[RFC] dma-buf: Import/export the implicit fences on the dma-buf

Tue Jul 12 16:16:28 UTC 2016

On Tue, Jul 12, 2016 at 05:36:37PM +0200, Christian König wrote:
> Am 12.07.2016 um 16:31 schrieb Daniel Vetter:
> > On Tue, Jul 12, 2016 at 01:14:41PM +0100, Chris Wilson wrote:
> > > On Tue, Jul 12, 2016 at 01:53:56PM +0200, Christian König wrote:
> > > > Am 11.07.2016 um 23:59 schrieb Chris Wilson:
> > > > > When dealing with user interfaces that utilize explicit fences, it is
> > > > > convenient to sometimes create those fences after the fact, i.e. to
> > > > > query the dma-buf for the current set of implicit fences, encapsulate
> > > > > those into a sync_file and hand that fd back to userspace.
> > > > > Correspondingly, being able to add an explicit fence back into the mix
> > > > > of fences being tracked by the dma-buf allows that userspace fence to be
> > > > > included in any implicit tracking.
> > > > Well I think that this is a rather questionable interface.
> > > > 
> > > > For example how do you deal with race conditions? E.g. between
> > > > querying the fences from the reservation object and adding a new one
> > > > we could gain new fences because of the kernel swapping things out
> > > > or another thread making some submission with this buffer.
> > > > 
> > > > Additional to that IIRC reservation_object_add_excl_fence()
> > > > currently replaces all shared fences with the exclusive one. A
> > > > malicious application could use this to trick the kernel driver into
> > > > thinking that this buffer object is idle while it is still accessed
> > > > by some operation. At least with GPU operations you can easily take
> > > > over the system when you manage to get access to a page table with
> > > > this.
> > > The only difference here is that we believe the GPU drivers to enforce
> > > the ordering between each other. So we can either insert a wait before
> > > adding the exclusive fence, or we can just not expose an import ioctl.
> > > Extracting the set of fences isn't an issue? (That's the part that has a
> > > more legitimate usecase.)
> > If we change the kernel to just merge everything together when importing a
> > new fence I think it should be perfectly save. I.e.
> > 1) grab reservation lock
> > 2) assemble a fence_array with the current fences + the new one passed in
> > through sync_file.
> > 3) put that into the right slot
> > 4) unlock
> 
> Yeah that sounds like this should work.
> 
> > If we switch reservations over to fence_array it might even be somewhat
> > pretty.
> 
> Actually I rather wanted to suggest that we use something like the
> amdgpu_sync object for the reservation object instead.
> 
> E.g. a collection like interface where fences can be added later on and only
> the newest one is kept around for each context.

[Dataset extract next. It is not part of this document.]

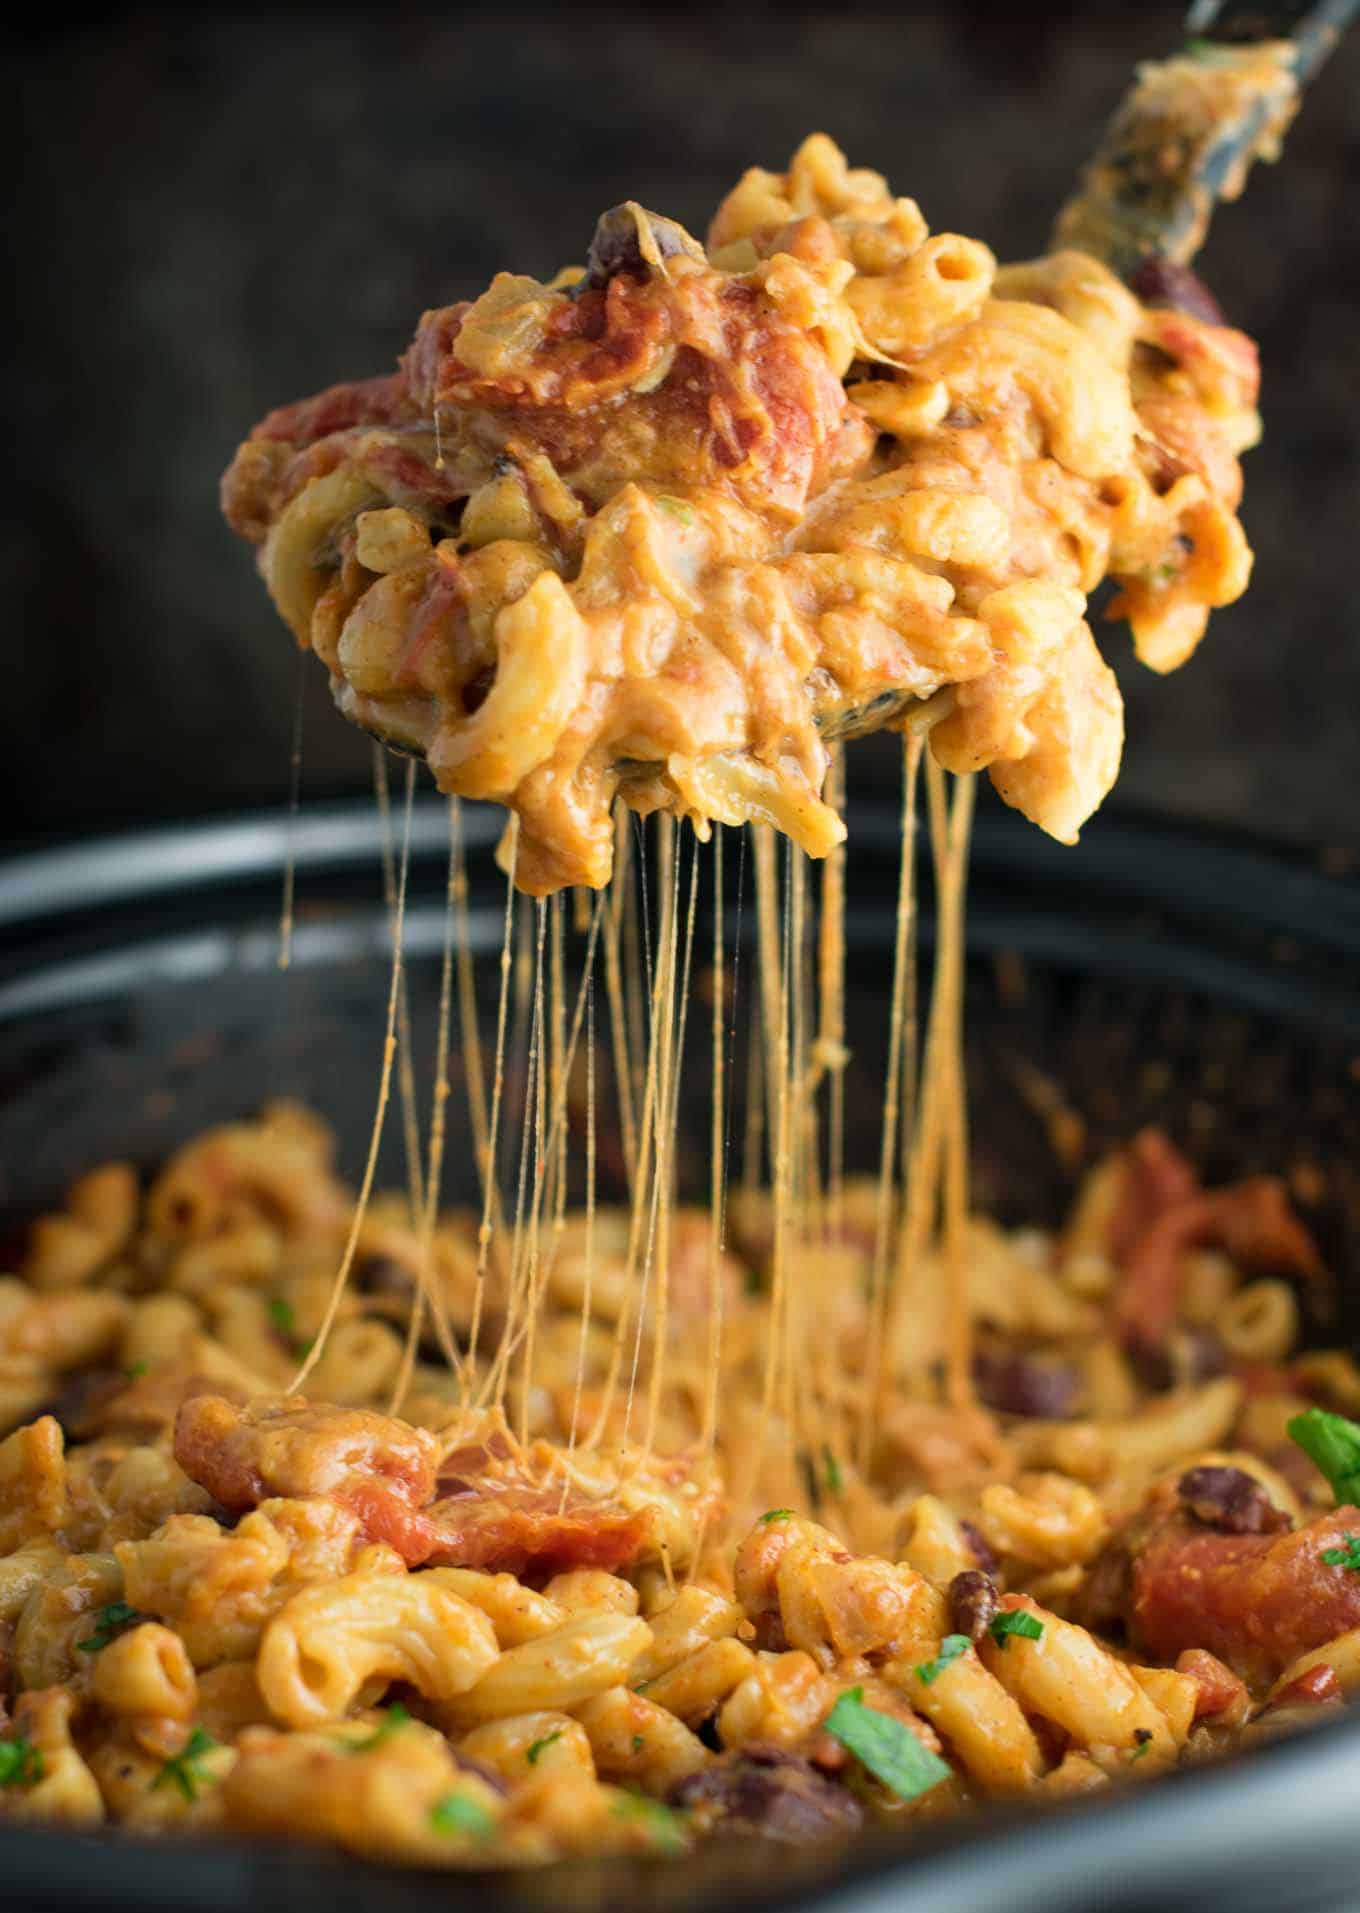 This Slow Cooker Vegetarian Chili Mac Recipe is made all in the crockpot (even the noodles!). A super easy vegetarian crockpot recipe to feed a crowd. #vegetarian #slowcooker #crockpot #chilimac

Yeah, imo fence_array should automatically reduce the set of fences to the
minimal set needed and merge all the ones on the same timeline. And we
could rebase reservations on top of fence-array.

Or at least something along those lines.

> The only problem with that approach is that it is a bit tricky to do without
> locking, e.g. only RCU.

I thought RCU is only for reading/waiting on fences, and that for changing
them you always need to acquire the ww mutex behind the reservation?

Cheers, Daniel
-- 
Daniel Vetter
Software Engineer, Intel Corporation
http://blog.ffwll.ch